The weird part? It wasn’t consistent. Maybe 1 in 50 requests would fail. The failures clustered during high-traffic periods. And they only happened in our production Kubernetes cluster, not in staging, not locally with Docker Compose.

DNS is supposed to be boring. It’s supposed to just work. When DNS becomes interesting, you know you’re in for a long week.

The Timeline

Day 1: It’s got to be the network

I started with the obvious.

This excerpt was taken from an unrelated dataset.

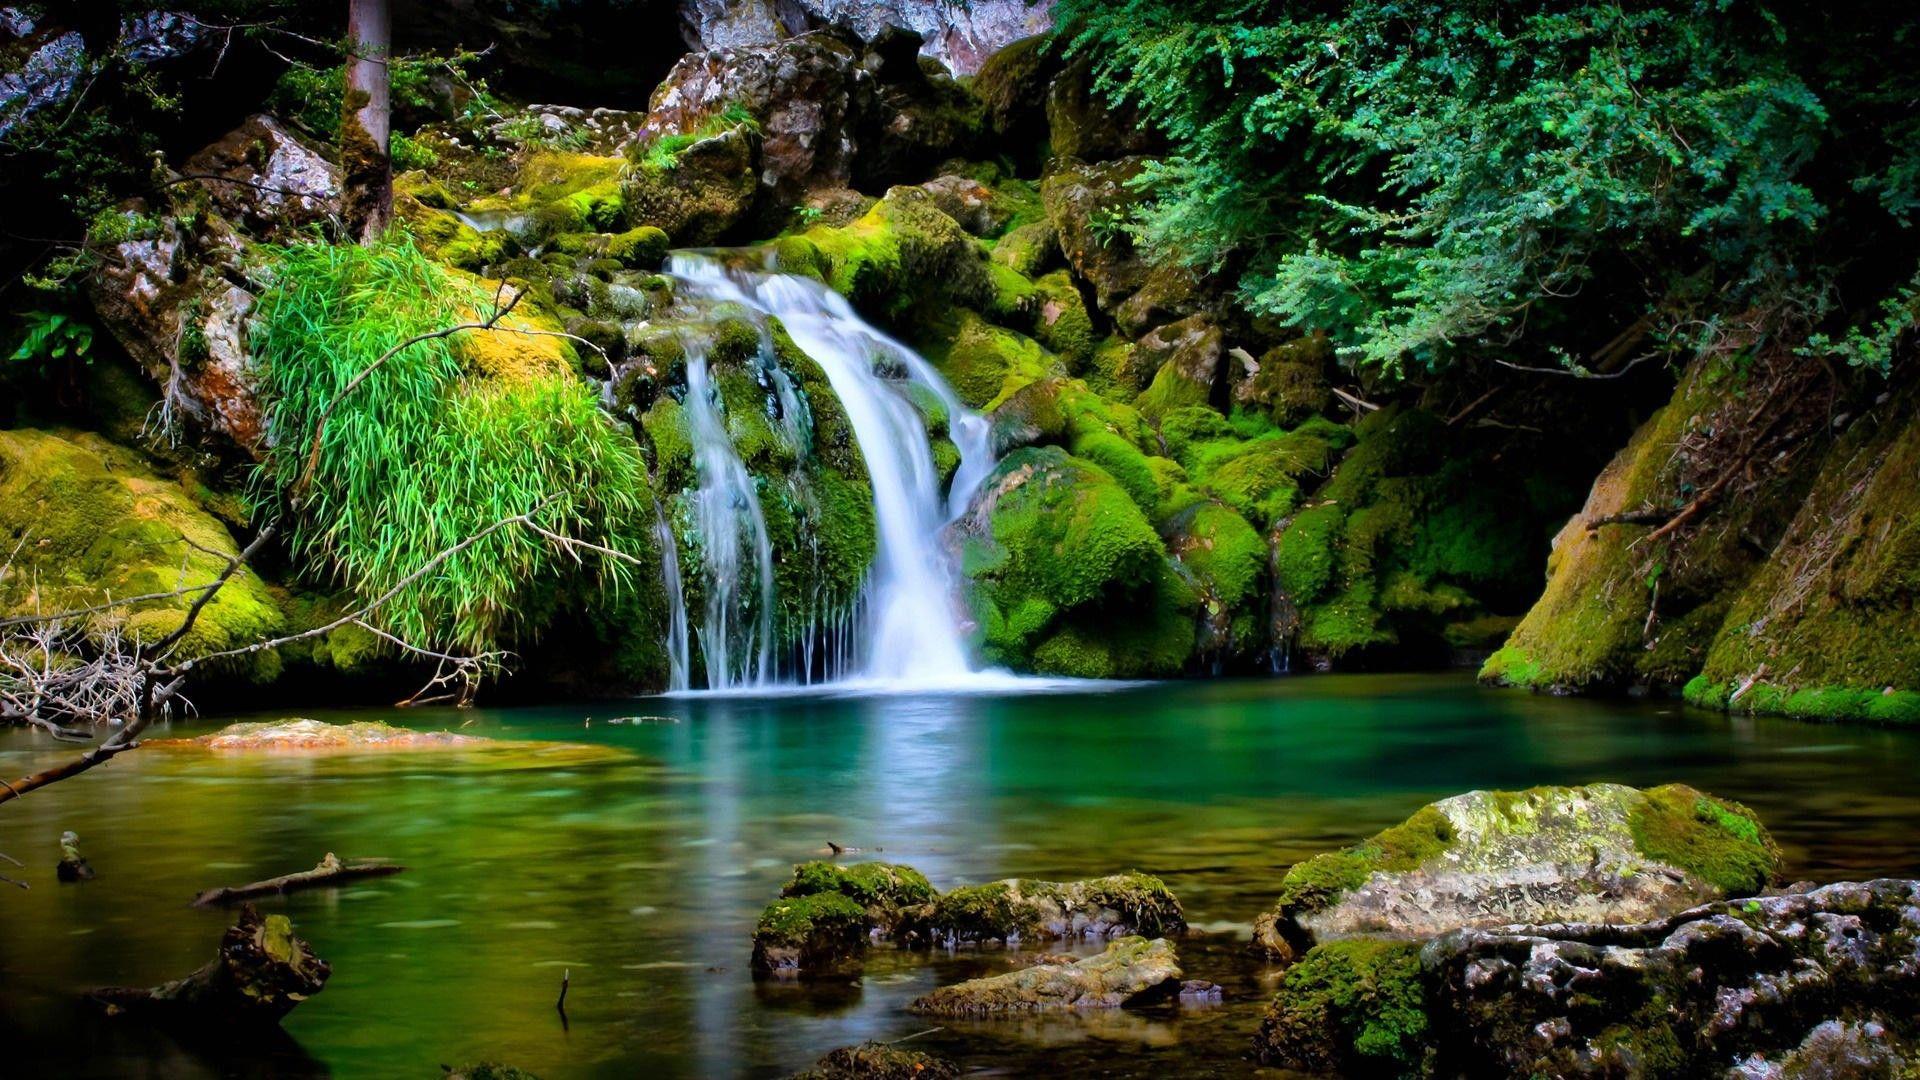 Free Desktop Wallpaper Google Search Waterfall Scenery Waterfall Wallpaper Waterfall Pictures

Maybe our DNS servers were overloaded? We were using the default CoreDNS setup in Kubernetes. I checked the metrics — CPU and memory were fine. No errors in the CoreDNS logs.

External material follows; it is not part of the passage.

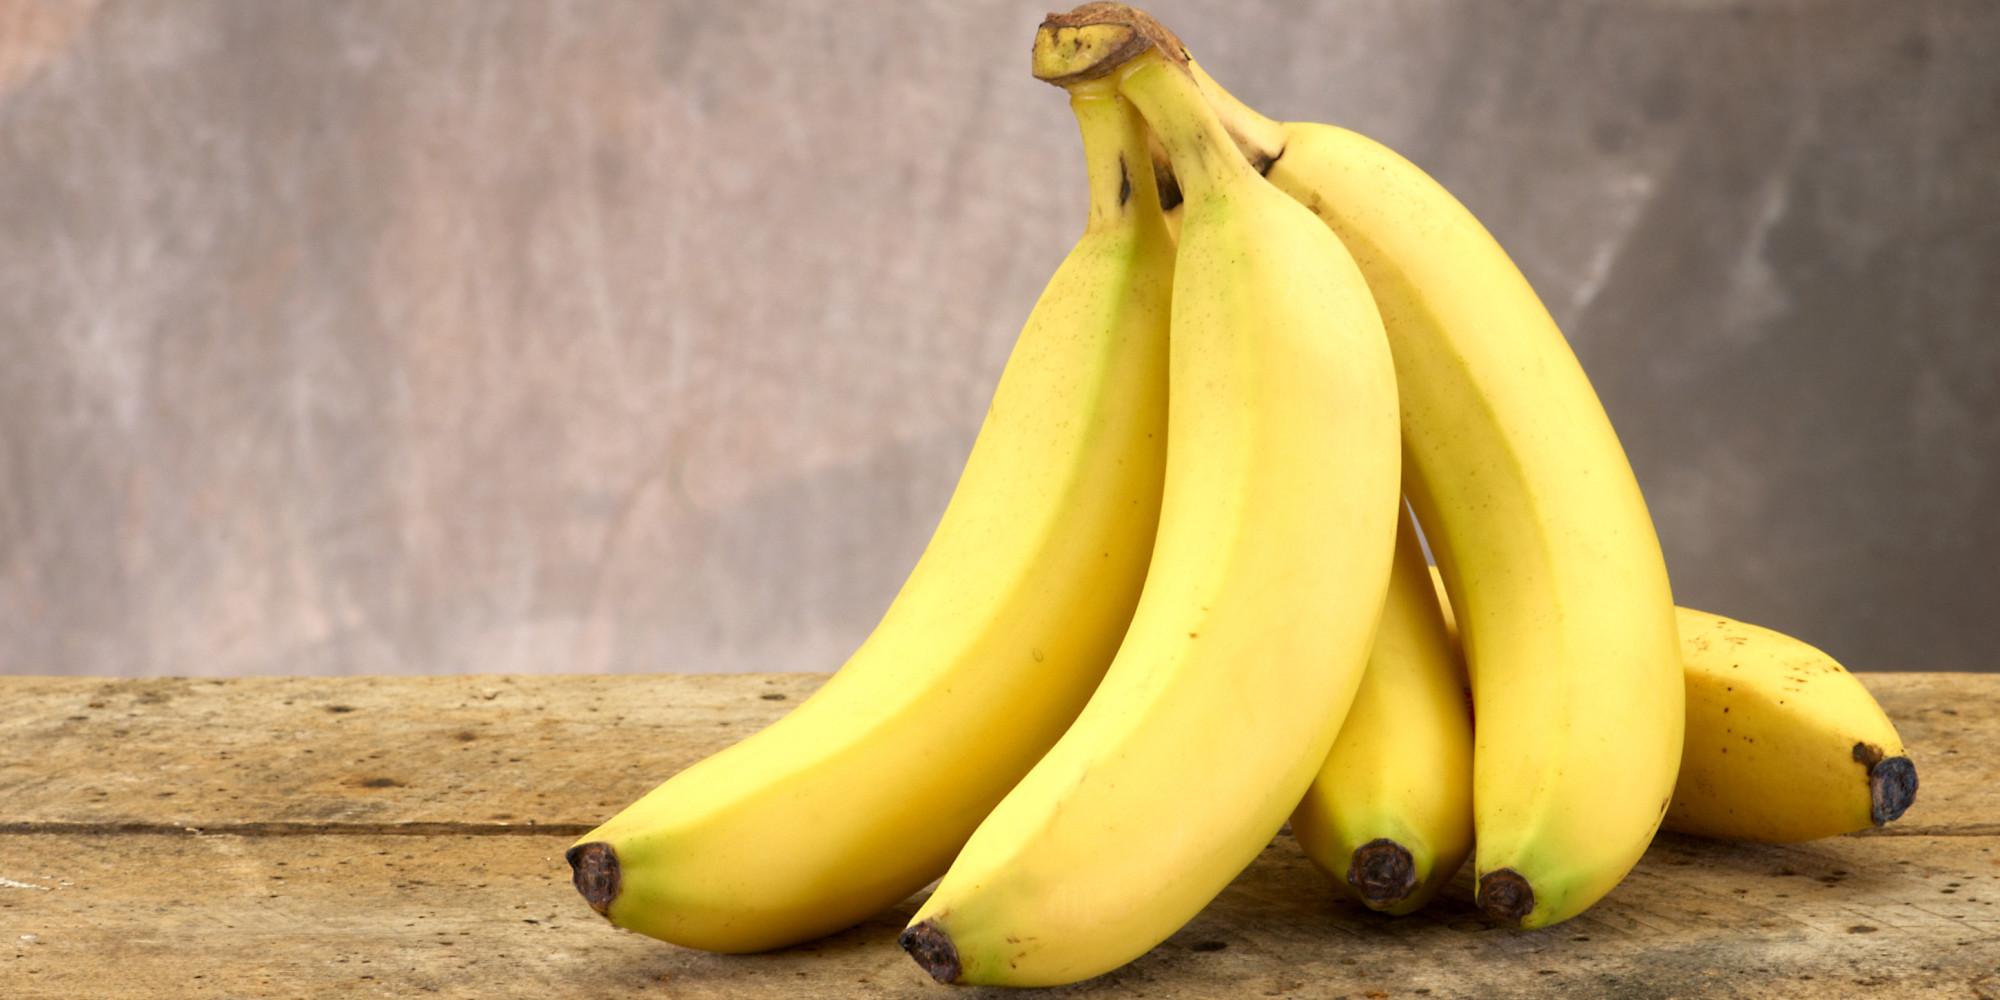 yellow banana lot free image | Peakpx

I ran kubectl exec into a failing pod and tried nslookup manually. Worked every time. Of course it did. The problem was intermittent.

Day 2: Alpine Linux enters the chat

Our Docker images were based on Alpine Linux. Small, secure, everyone’s using it. But I remembered reading something about Alpine and DNS issues.

Alpine uses musl libc instead of glibc. Musl is smaller, simpler, more correct — but different. I started digging into how musl handles DNS resolution.

Here’s what I learned: musl’s resolver queries all nameservers in /etc/resolv.conf in parallel, not sequentially like glibc. It takes the first response that comes back. This is actually great for performance, but it means more UDP packets flying around.

Also, until musl 1.2.4, it didn’t support TCP fallback for DNS. If a UDP response was truncated (larger than 512 bytes), tough luck. But that wasn’t our issue — we weren’t getting truncated responses, we were getting connection resets.

Day 3: The conntrack revelation

I started searching for “kubernetes dns connection reset” and found it. The infamous conntrack race condition.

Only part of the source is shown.